The magic of the Greek gods is at play in MBS Productions’ latest offering, Persephone (playing at Addison Theatre Center through April 10), because director Mark-Brian Sonna has created a masterpiece with low budget sensibilities. He takes the audience into the realm of the underworld with nothing more than pieces of fabric and body makeup. But it’s the writing that transports them out of the theater and into Persephone’s world of troubles.
With a black curtained backdrop, beautifully colored swaths of fabric as togas, rivers and death’s tools of transport, Sonna’s minimalism is wonderfully effective in his tale of Persephone, daughter of Zeus and Demeter, who is kidnapped by Hades and forced to become his wife, the queen of the underworld. He gives the script the same kind of attention, trimming it of any fat to move the story along quickly.

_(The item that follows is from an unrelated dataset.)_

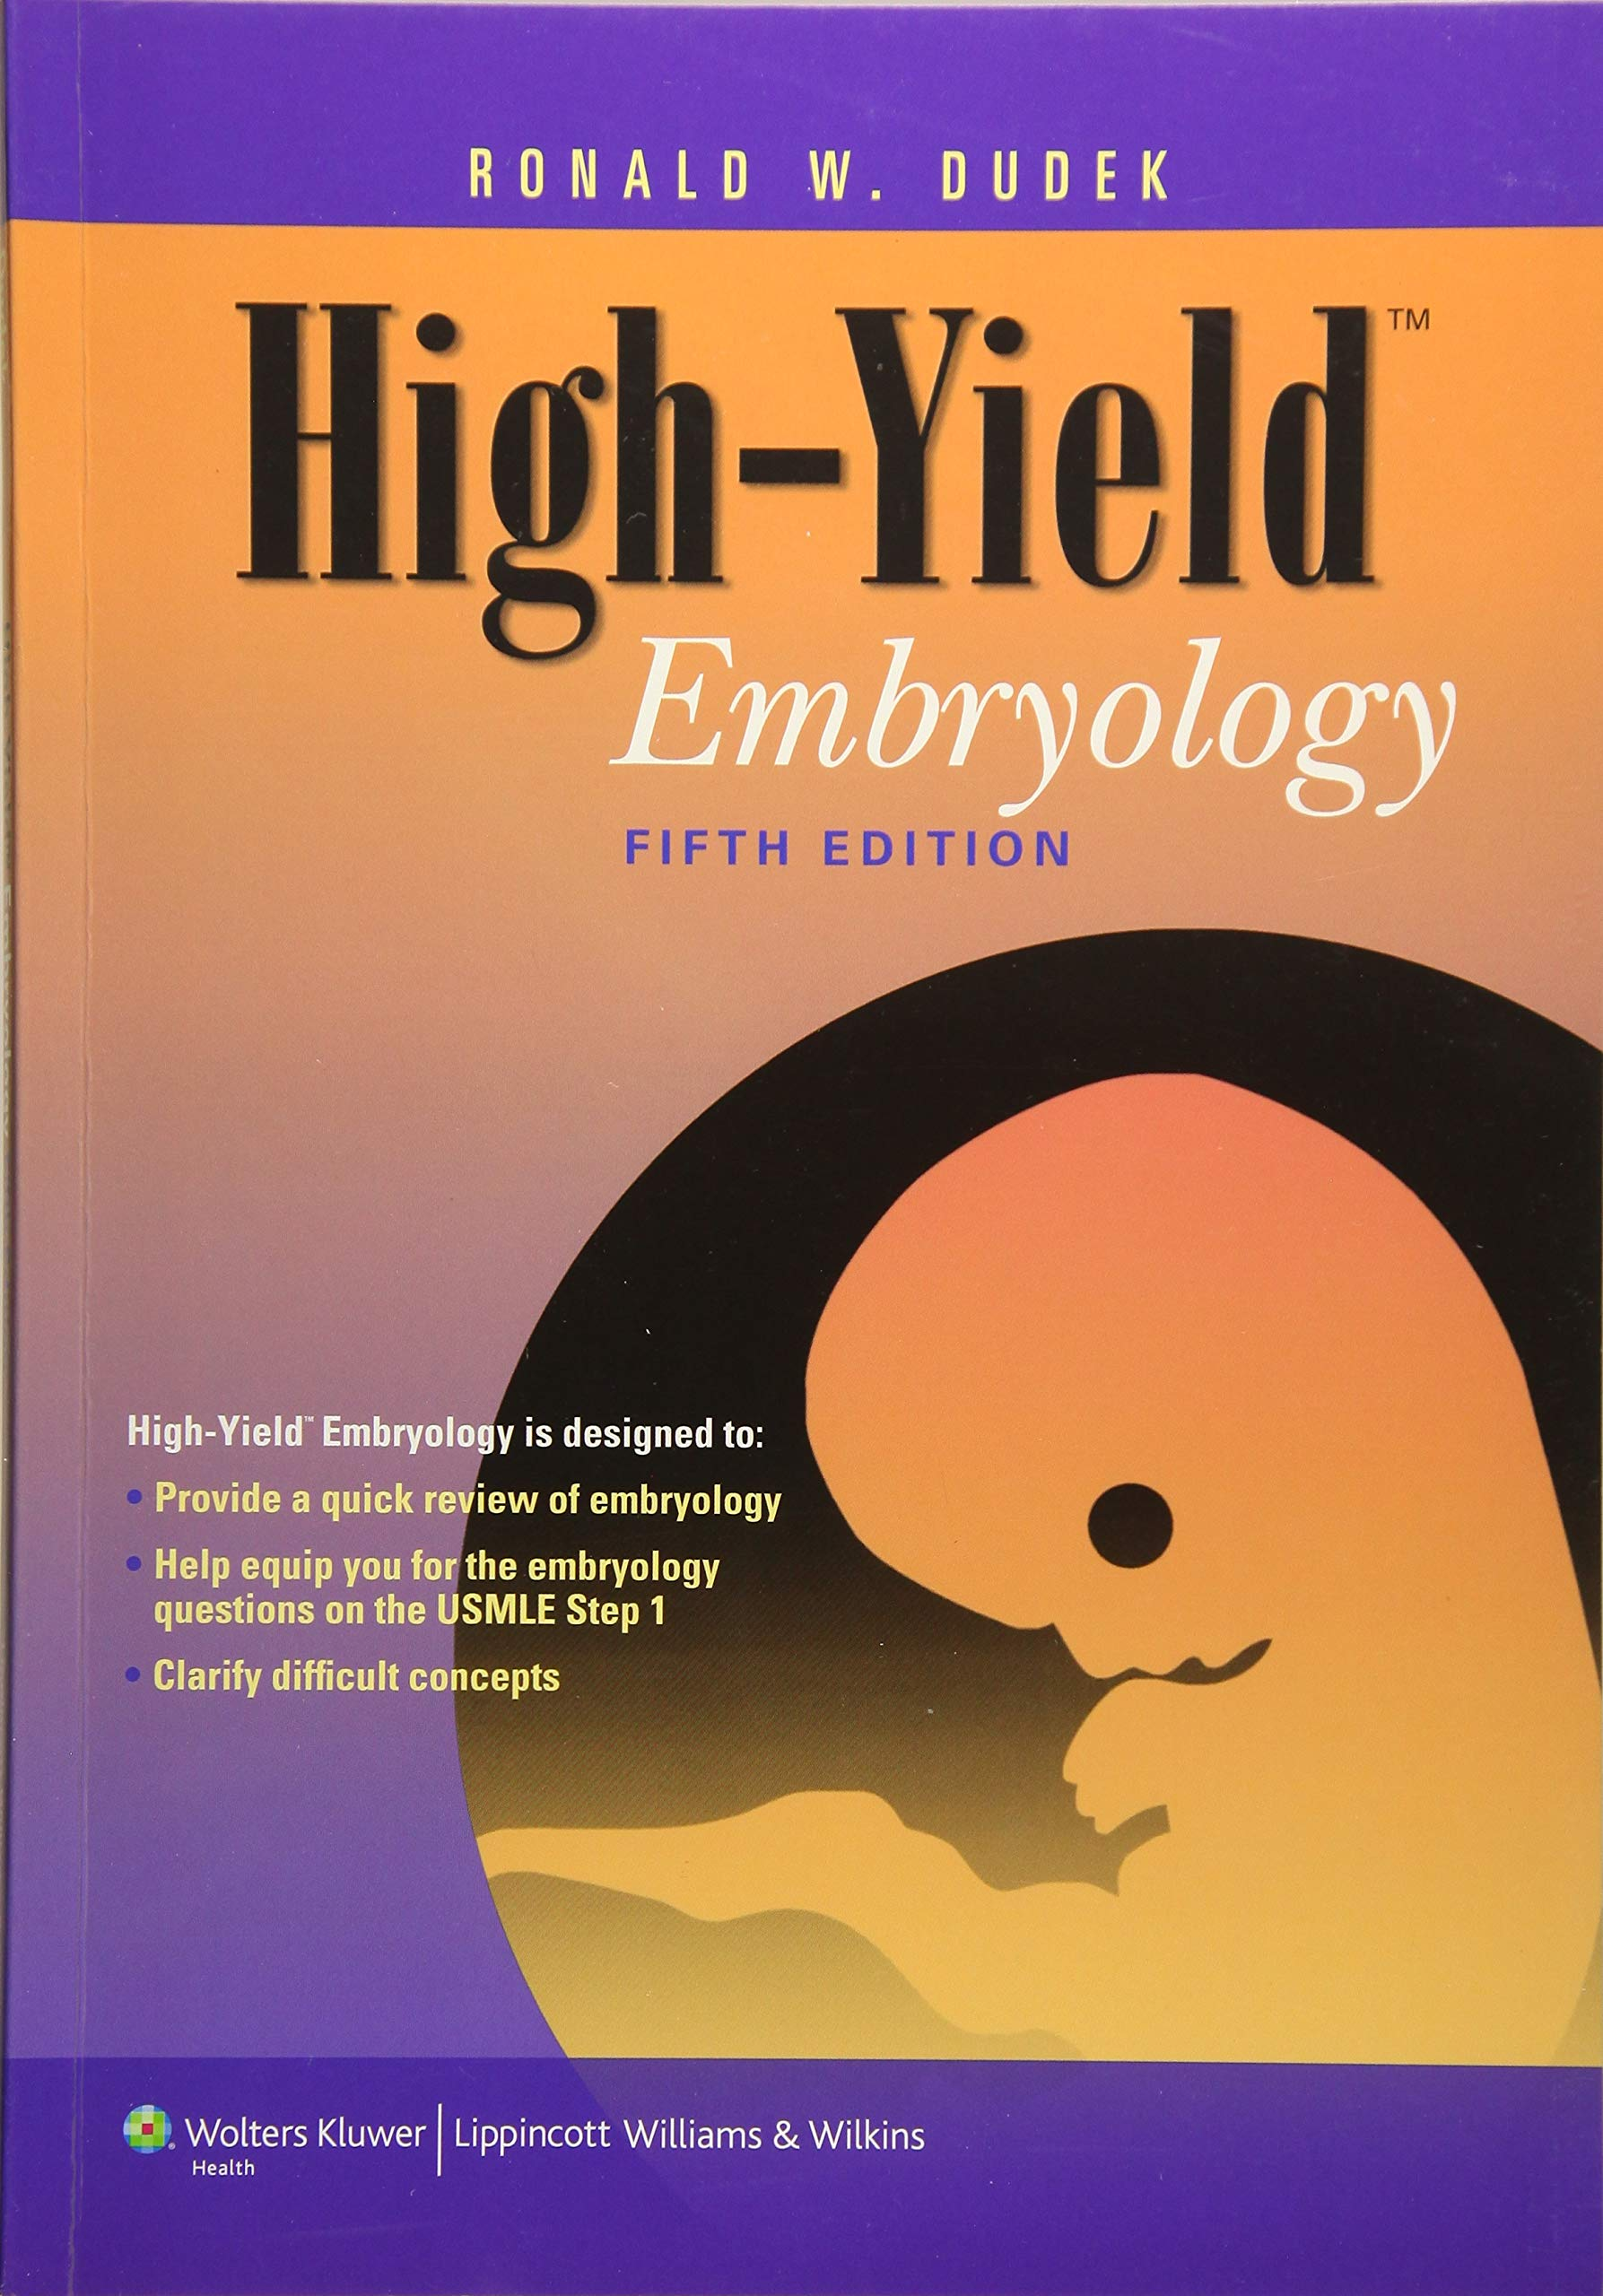 High-Yield Embryology: Dr Ronald W Dudek PhD: Amazon.com.mx: Libros
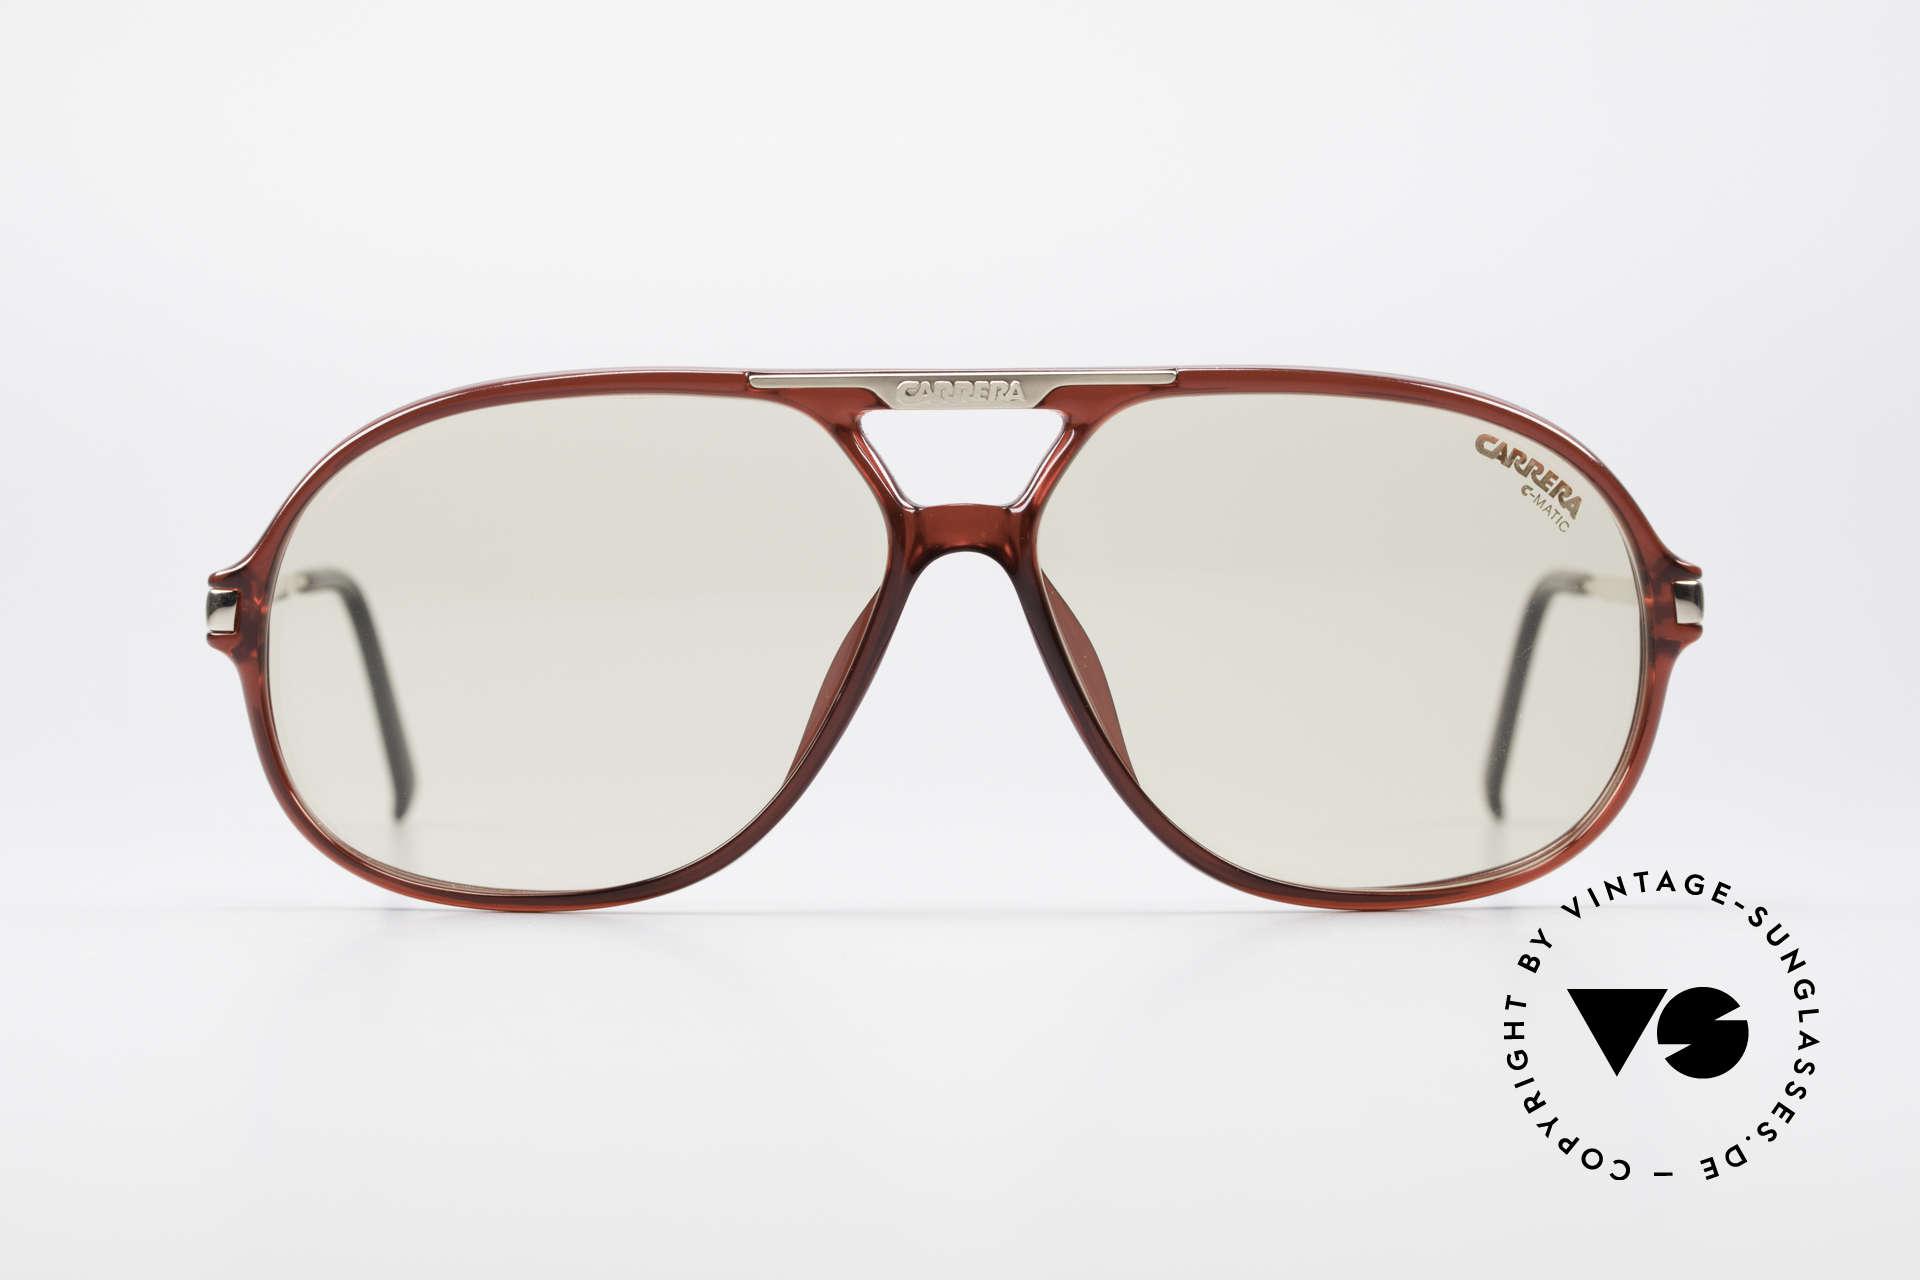 "Carrera 5411 C-Matic Extra Changeable Sun Lenses, brilliant photochromic ""C-MATIC"" lenses (darkening), Made for Men"

David Swanner and Marilyn Setu play the mismatched couple with clear visions of their characters. Swanner is deliciously lecherous but taps into Hades’ inner loneliness. Setu gives Persephone layers of complexity. Her sense of entitlement is bratty like Paris Hilton but her loss of innocence as she meanders the dark realm for an escape has made her into a heartless soul. Setu’s eyes transform from wide-eyed wonder to a diabolical determination.
The cast creates a nice balance among each other but the leads here are the strongest of the bunch. The backside nudity of Nathan Pennington’s Hermes offers a titillating aspect that makes it hard to concentrate on the dialogue. His buff god bod is clothed with a sash barely covering his nether regions. But Hades never takes us down there.
Persephone is a triumphant gem. Clocking in at just under two hours, Sonna has packaged a Greek tale that will leave an impression for days.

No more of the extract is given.